AIM OF THE TASK: Begin your copy at the line that holds "Baby Barn Swallows- New Jersey Bird Photos" and carry it through the final line of the data, writing out each line exactly and omitting pictures.
____ DATA EXTRACT
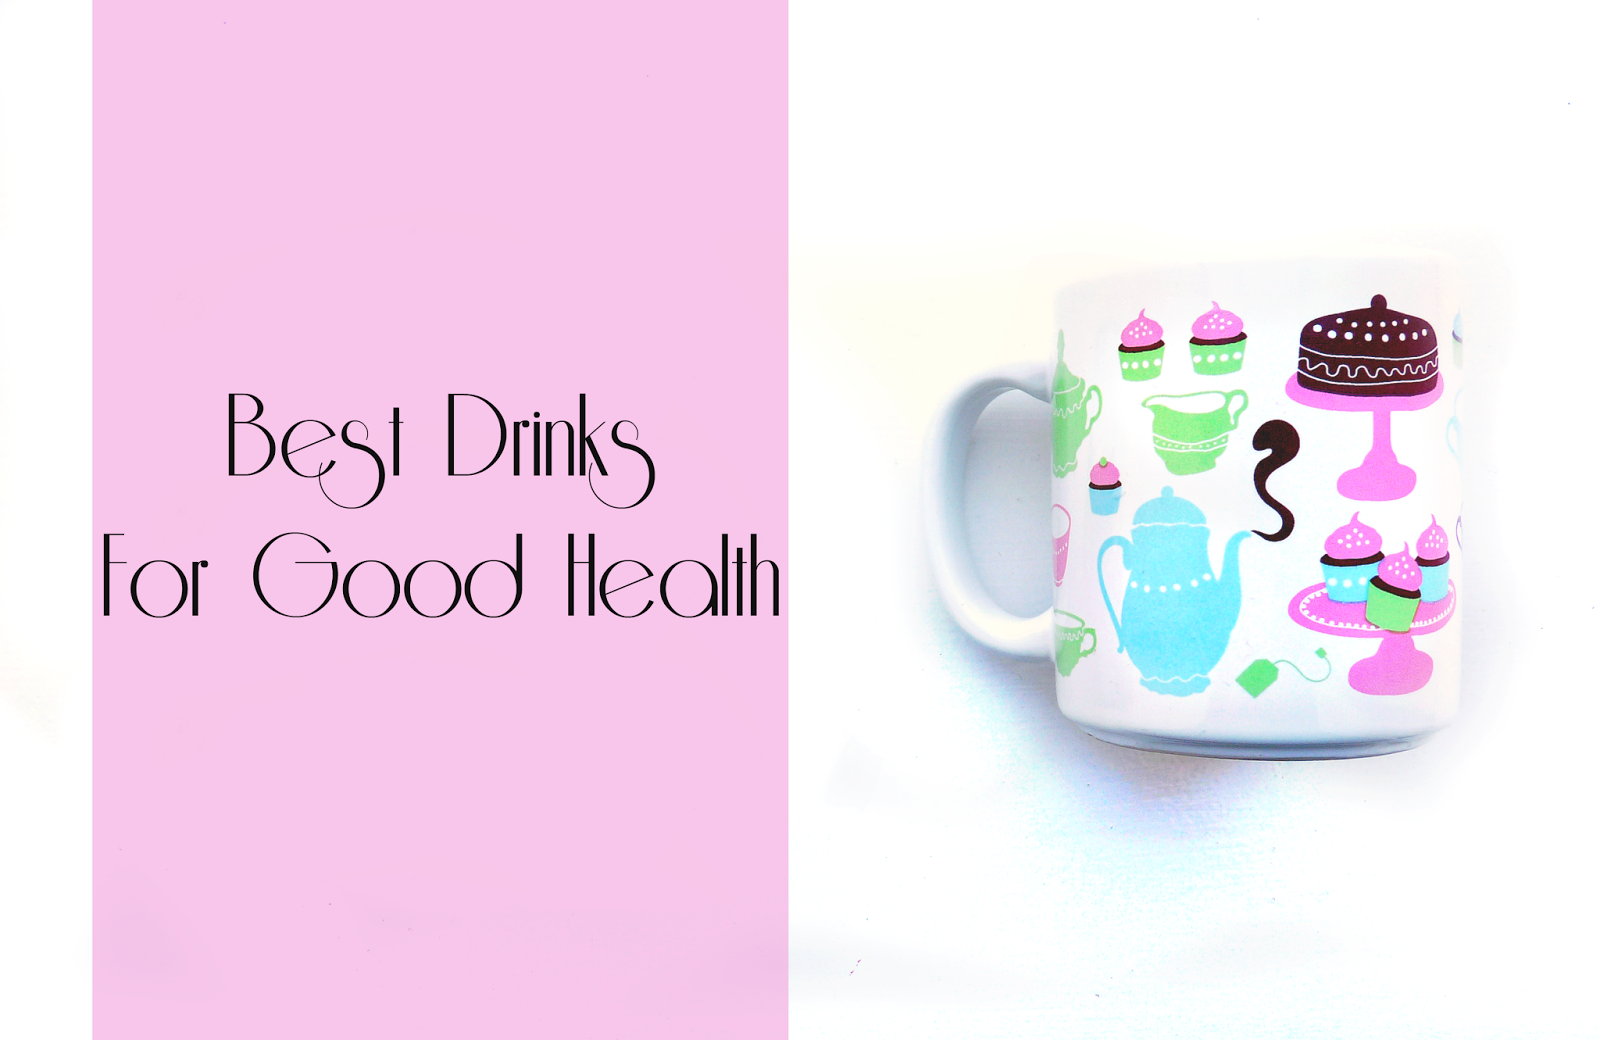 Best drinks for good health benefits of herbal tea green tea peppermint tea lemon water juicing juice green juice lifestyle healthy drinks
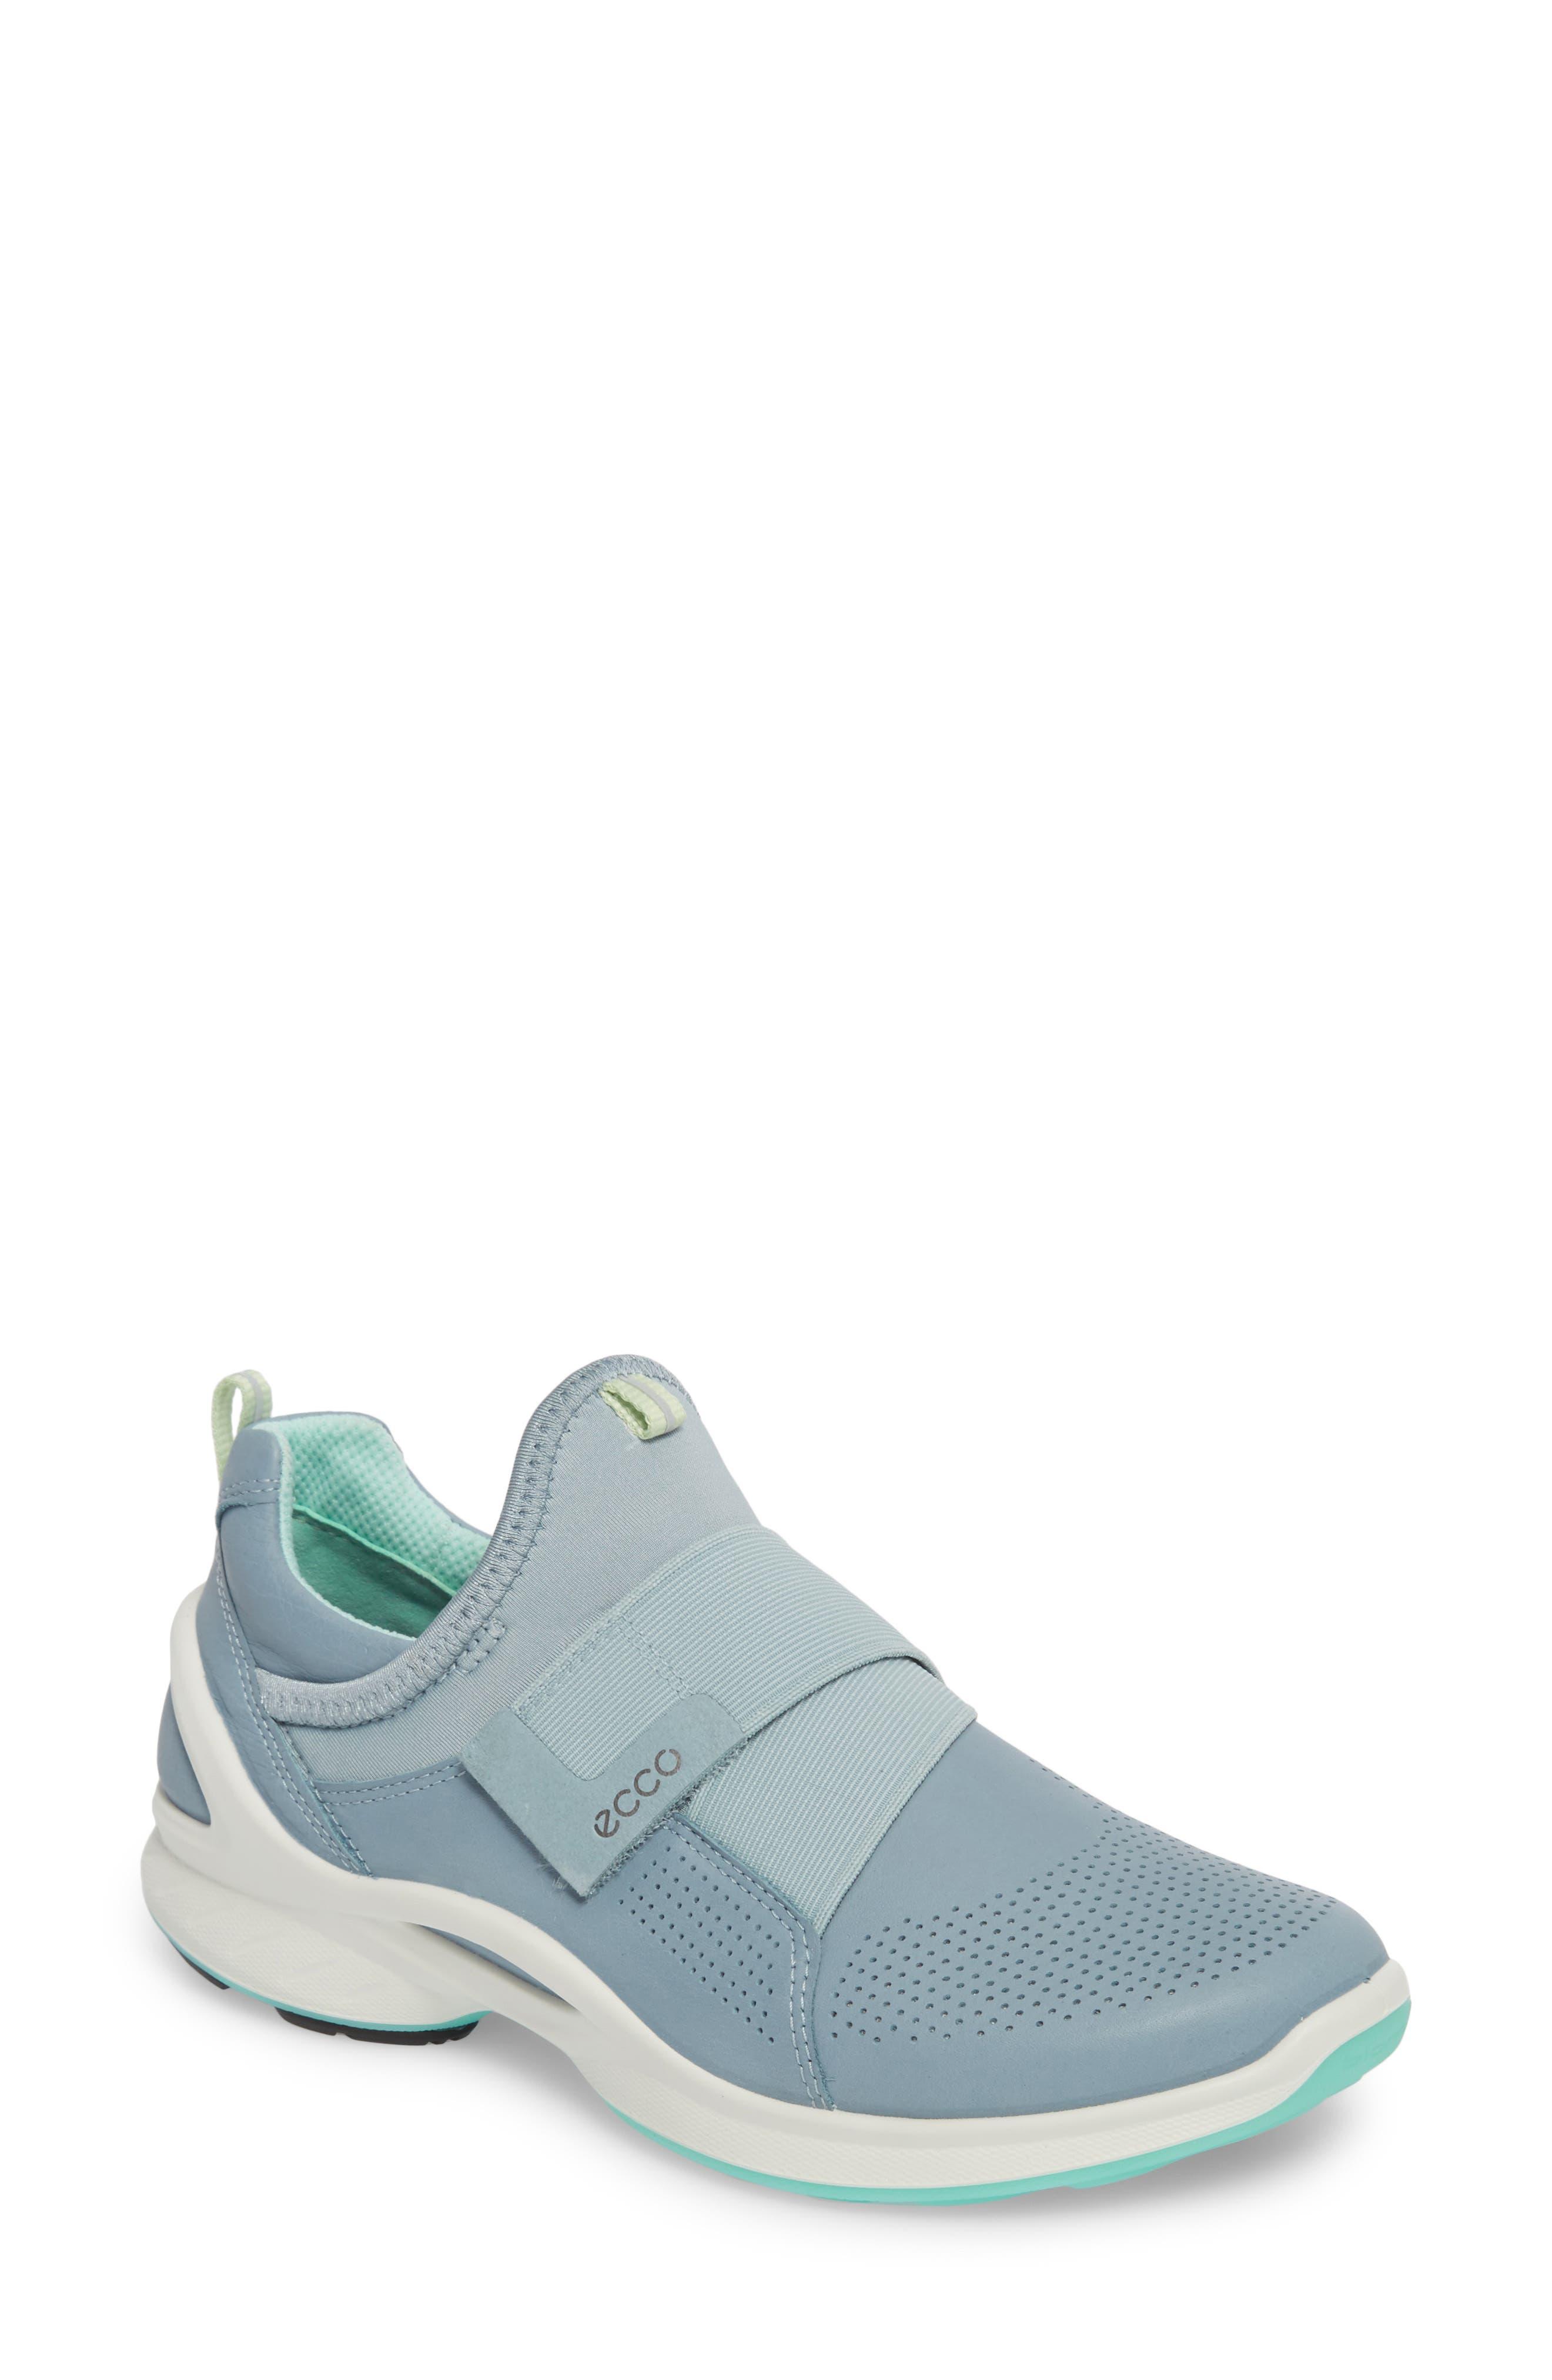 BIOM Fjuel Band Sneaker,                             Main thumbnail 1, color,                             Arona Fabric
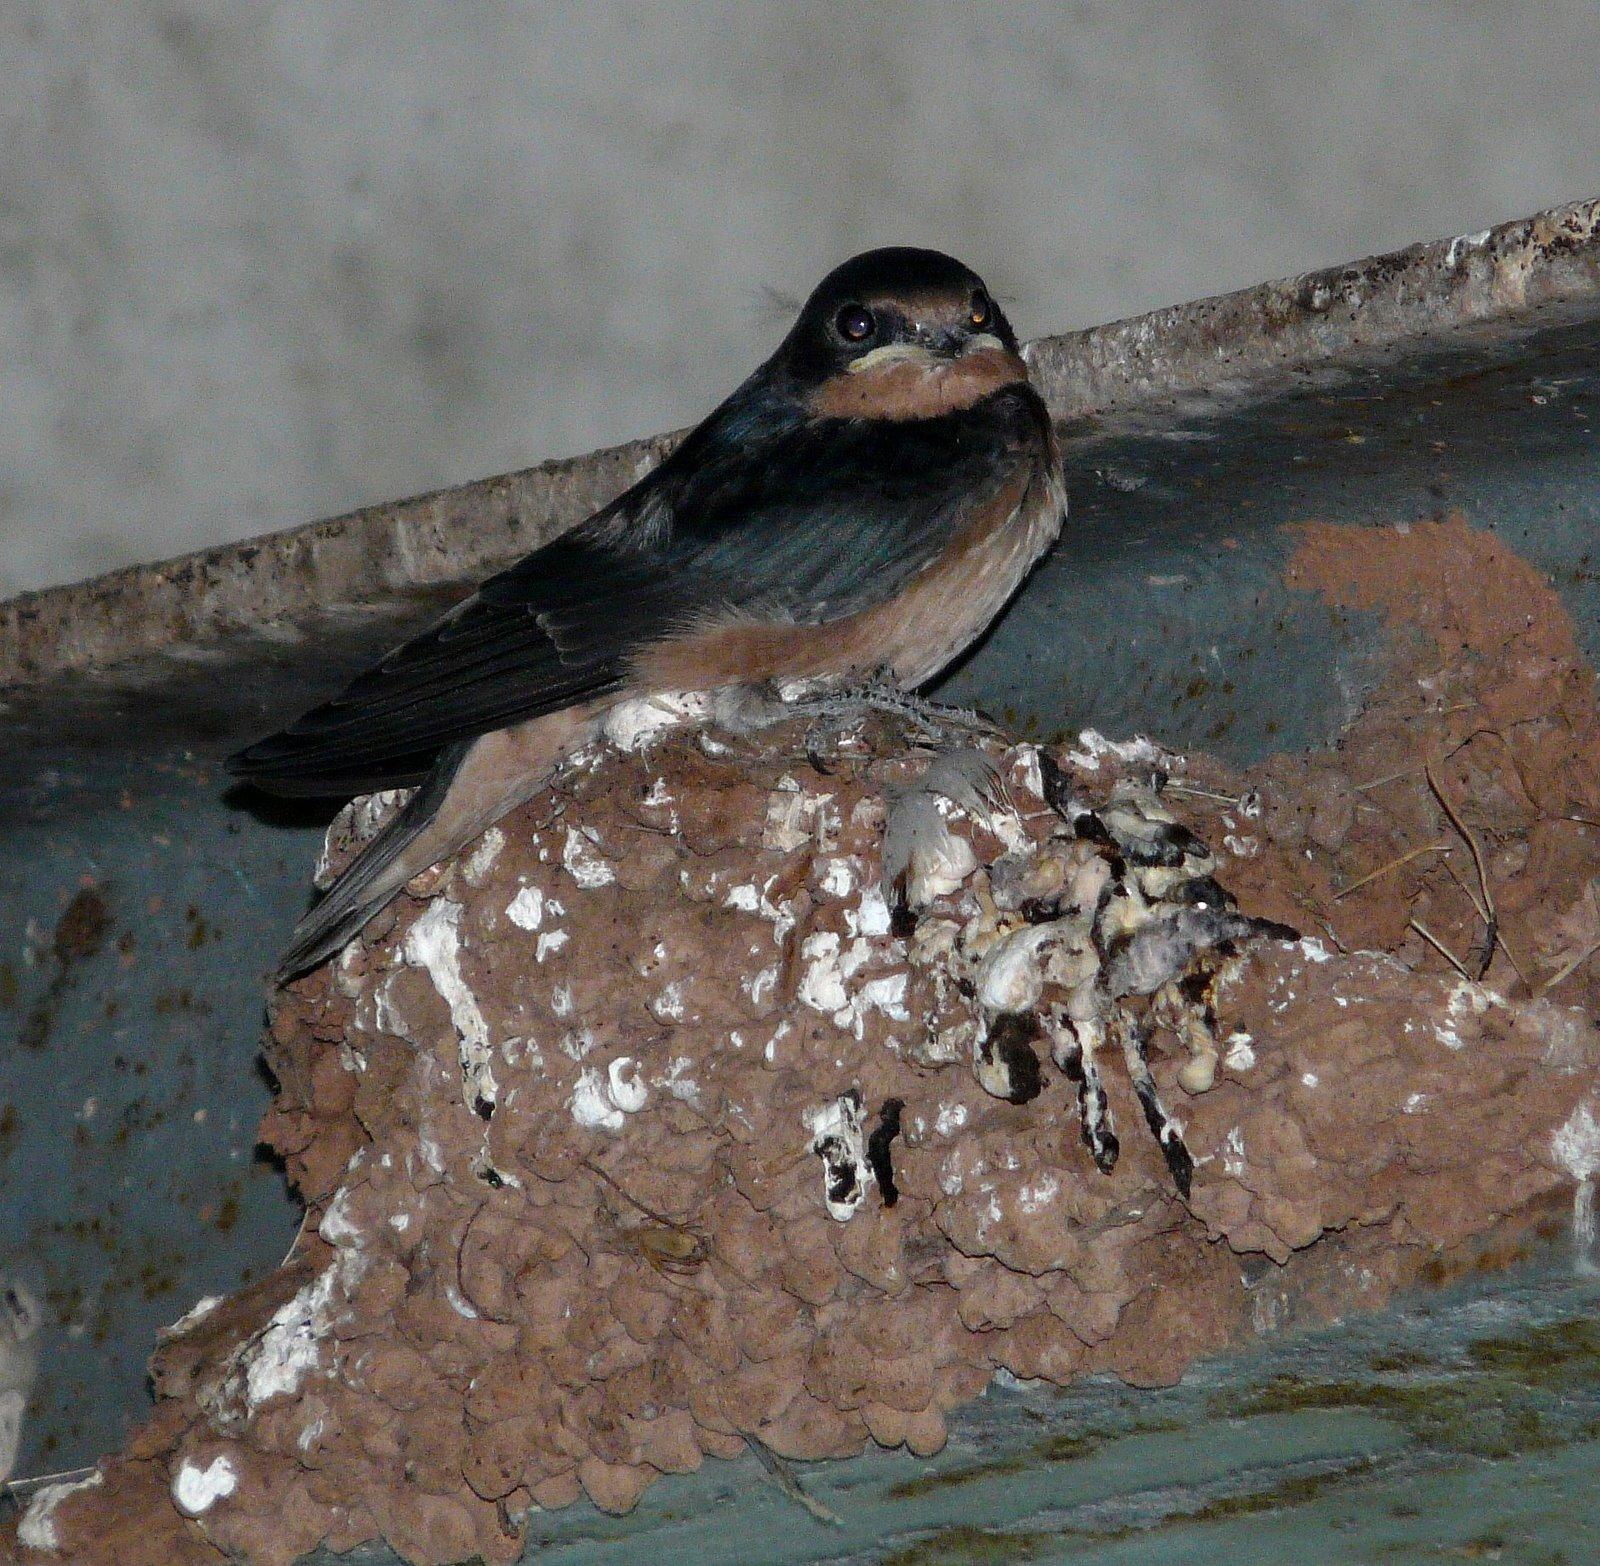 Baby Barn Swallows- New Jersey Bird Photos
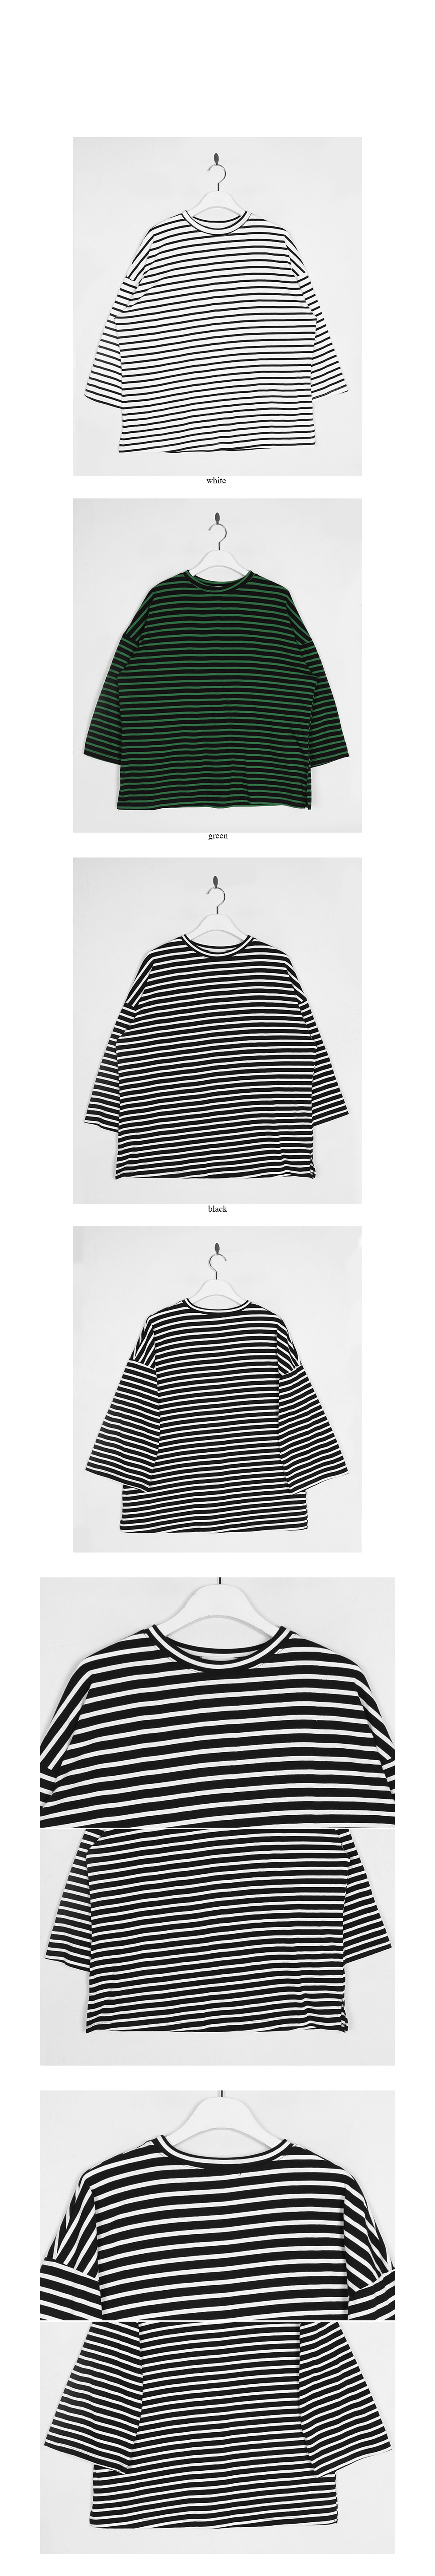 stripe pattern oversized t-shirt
________
RESULT:
 Baby Barn Swallows- New Jersey Bird Photos
 stripe pattern oversized t-shirt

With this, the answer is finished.